• _YOUR INSTRUCTIONS_
Everything from the line with "Sofa pictures. Подушка" down to the line with "Hunt mode on" below must be printed exactly, those two lines included. Exclude pictures.

• _RECORDED INFORMATION_
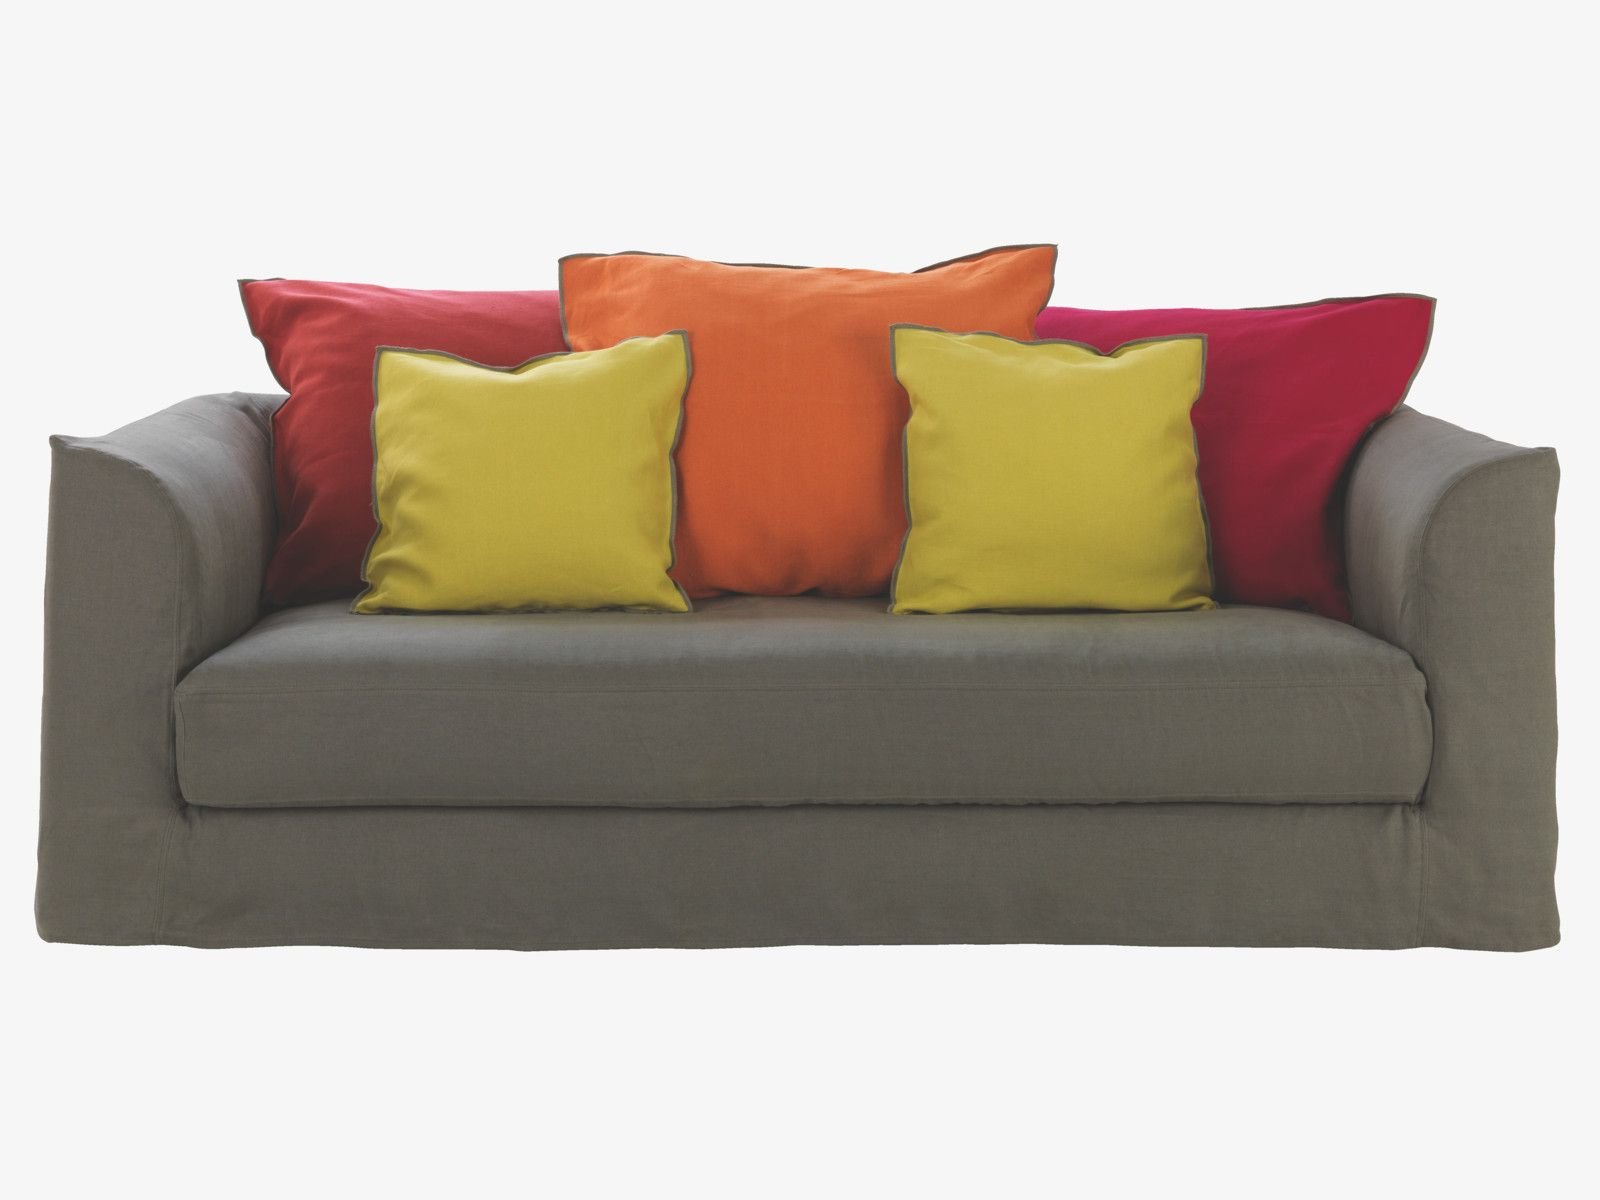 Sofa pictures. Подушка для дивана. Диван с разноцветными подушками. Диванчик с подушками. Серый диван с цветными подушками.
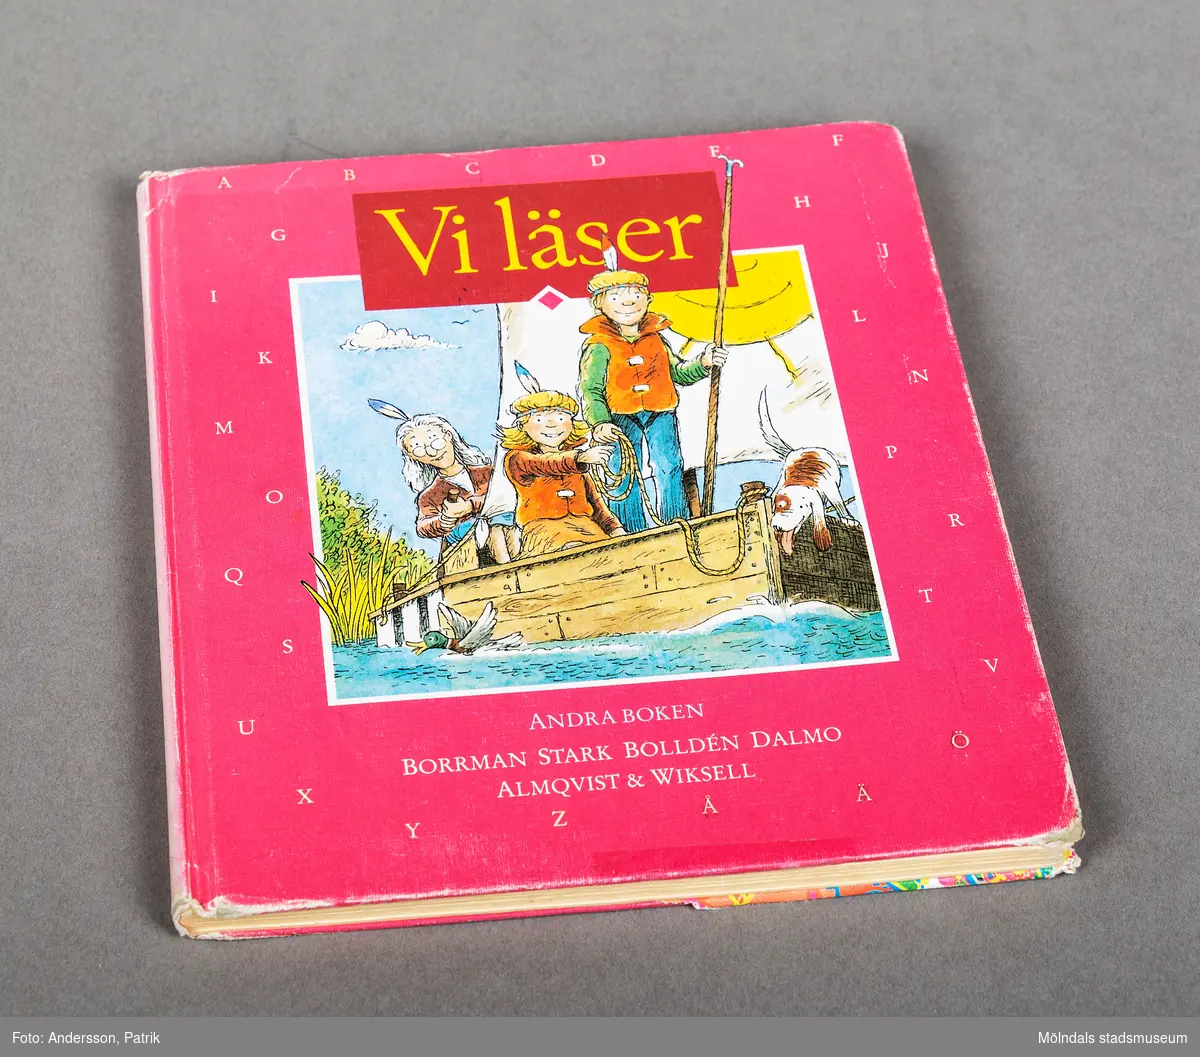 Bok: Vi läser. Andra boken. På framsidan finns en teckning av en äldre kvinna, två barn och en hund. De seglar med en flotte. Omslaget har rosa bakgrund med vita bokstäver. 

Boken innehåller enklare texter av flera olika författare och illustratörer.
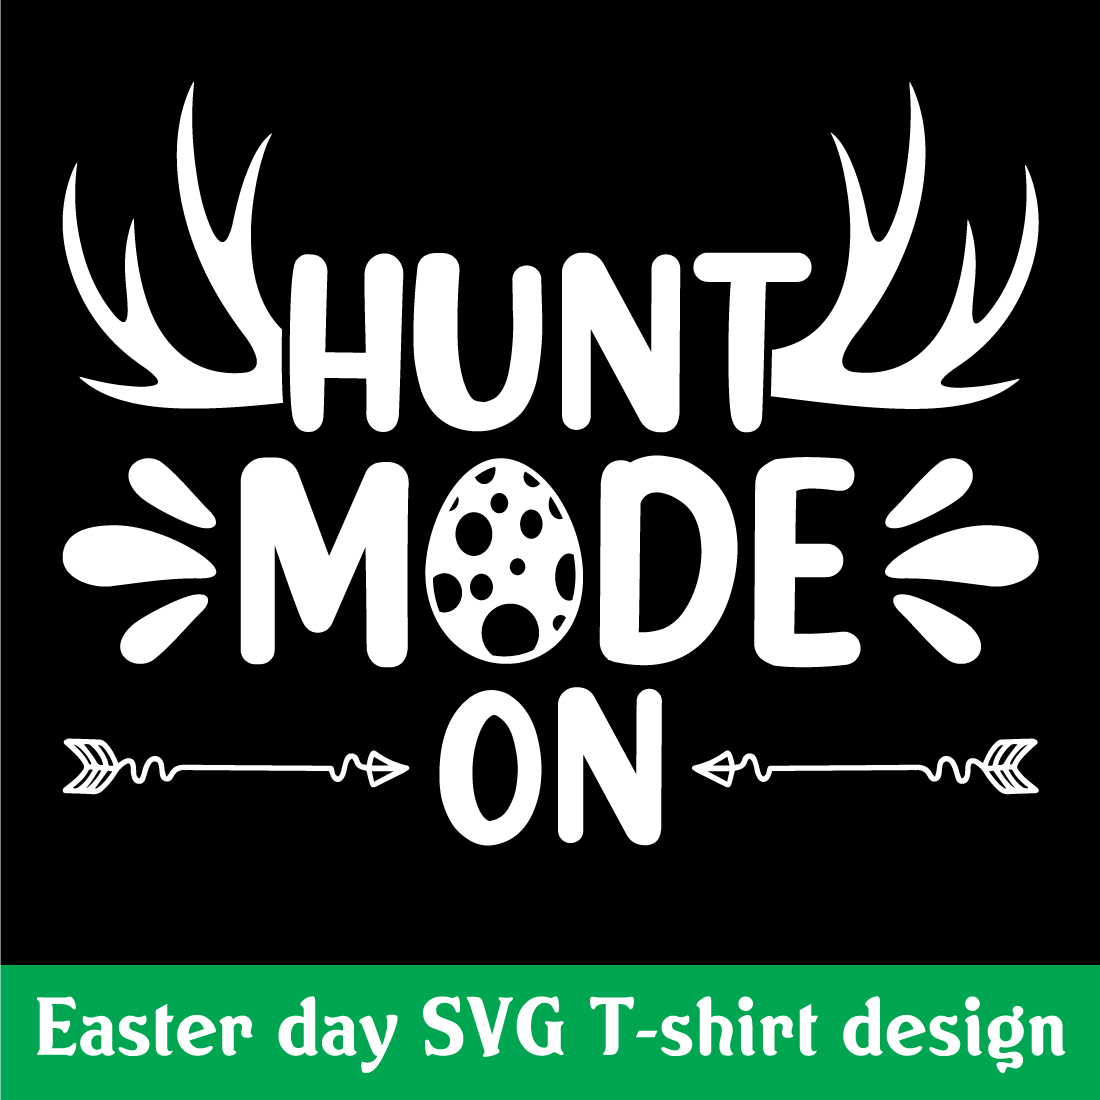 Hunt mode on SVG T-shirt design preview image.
---
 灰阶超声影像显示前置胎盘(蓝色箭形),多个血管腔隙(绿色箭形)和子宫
...
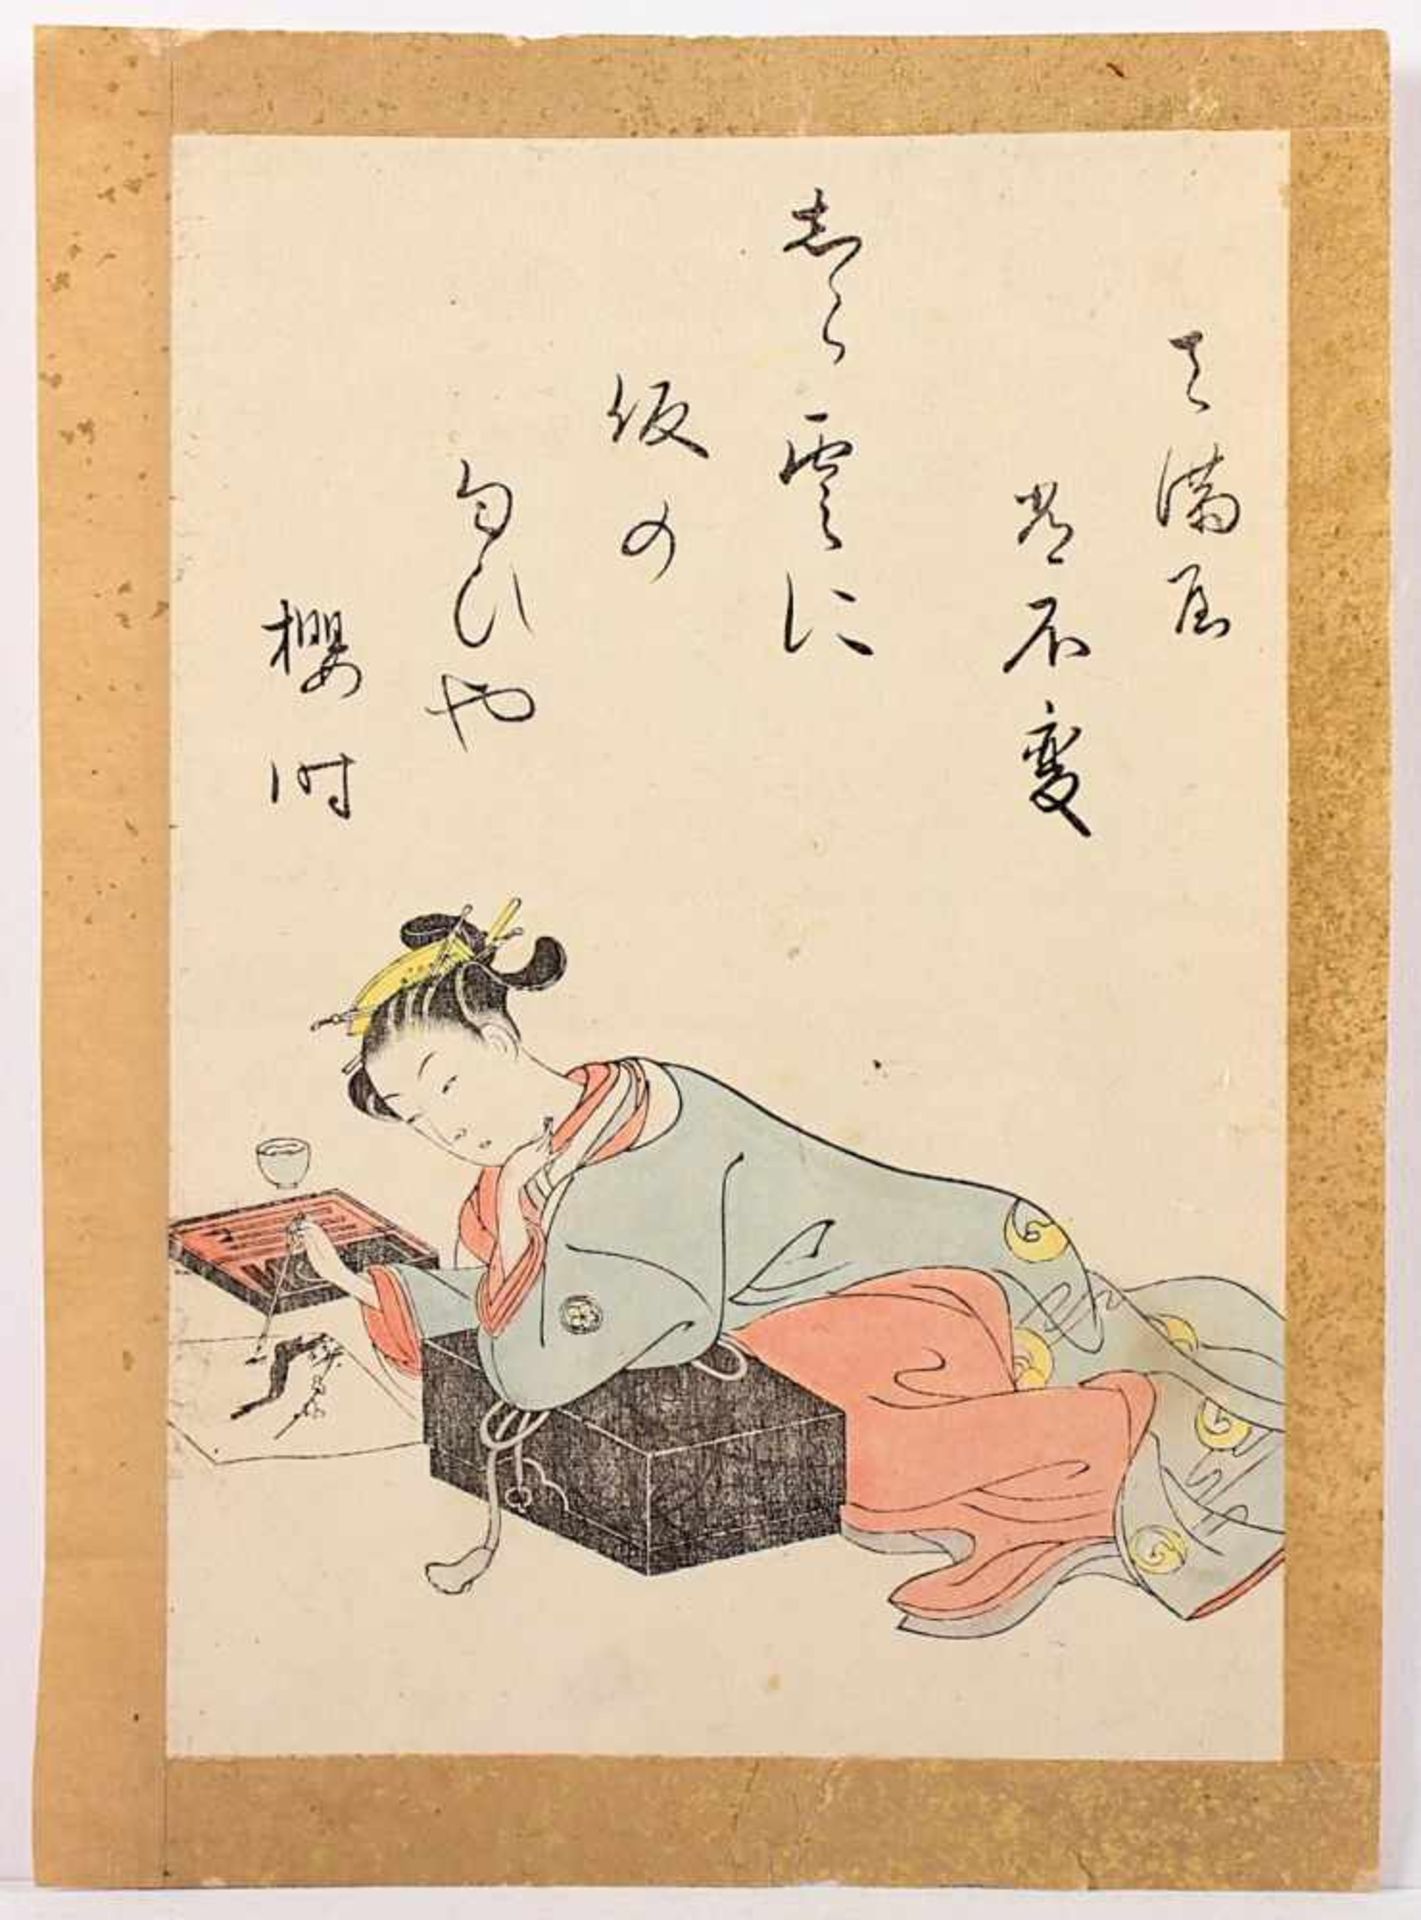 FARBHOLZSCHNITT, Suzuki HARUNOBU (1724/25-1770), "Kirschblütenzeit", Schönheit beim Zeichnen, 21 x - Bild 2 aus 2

• _ANSWER_
 Sofa pictures. Подушка для дивана. Диван с разноцветными подушками. Диванчик с подушками. Серый диван с цветными подушками.
 Bok: Vi läser. Andra boken. På framsidan finns en teckning av en äldre kvinna, två barn och en hund. De seglar med en flotte. Omslaget har rosa bakgrund med vita bokstäver. 

Boken innehåller enklare texter av flera olika författare och illustratörer.
 Hunt mode on SVG T-shirt design preview image.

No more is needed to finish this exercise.